HC comments on Egypt’s balance of payment (BOP): It recorded a deficit of USD3.47bn

Egypt’s balance of payment (BOP) recorded a deficit of USD3.47bn in 4Q19/20, reversing a surplus of USD0.25bn a year earlier, with the current account deficit widening to USD3.83bn in 4Q19/20 from a deficit of USD1.09bn a year earlier, data from the Central Bank of Egypt (CBE) showed. The trade balance deficit slightly widened to USD8.41bn from a deficit of USD8.29bn in 4Q18/19. Egypt’s travel receipts fell c90% y-o-y to USD0.31bn leading to a total services balance surplus of USD0.55bn, down from a surplus of USD3.28bn in 4Q19/18. Worker remittances also declined c11% y-o-y to USD6.16bn, and FDI also fell c11% y-o-y to USD1.52bn. Portfolio inflows in Egypt amounted to USD0.64bn in 4Q19/20, of which net bond inflows amounted to USD3.74bn, offsetting the outflows from the shorter-term portfolio investments, the data showed. (CBE)

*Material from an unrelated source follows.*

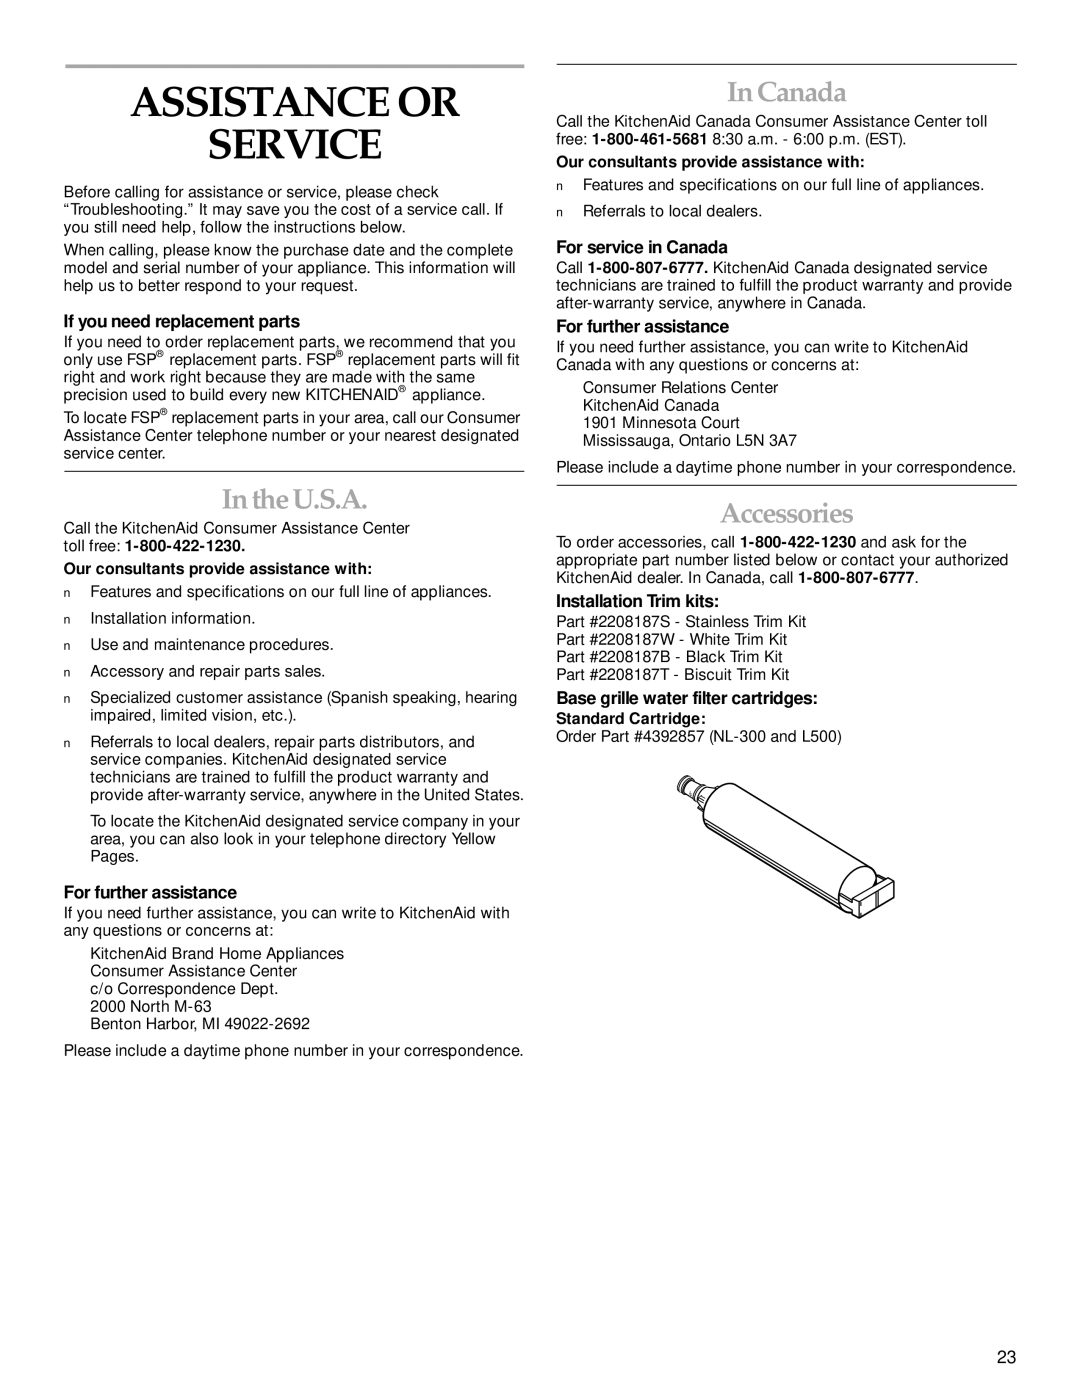 KitchenAid Cabinet Depth Side-by-Side Refrigerator manual Assistance or Service, U.S.A, Canada, Accessories

HC’s comment: The impact of the coronavirus on Egypt’s external position came in largely as expected, with the exception of the trade balance deficit which came in significantly wider than our estimate of USD5.59bn, as imports of non-petroleum products remained flat y-o-y at USD13.02bn, c36% above our estimate of USD8.38bn. The services balance came in better than our estimated deficit of USD0.79bn due to lower than expected services payments. Worker remittances came in c5% above our estimate of USD5.85bn. The current account balance figure was largely in line with our estimate of USD4.25bn. FDIs came in largely in line with our estimate of USD1.03bn.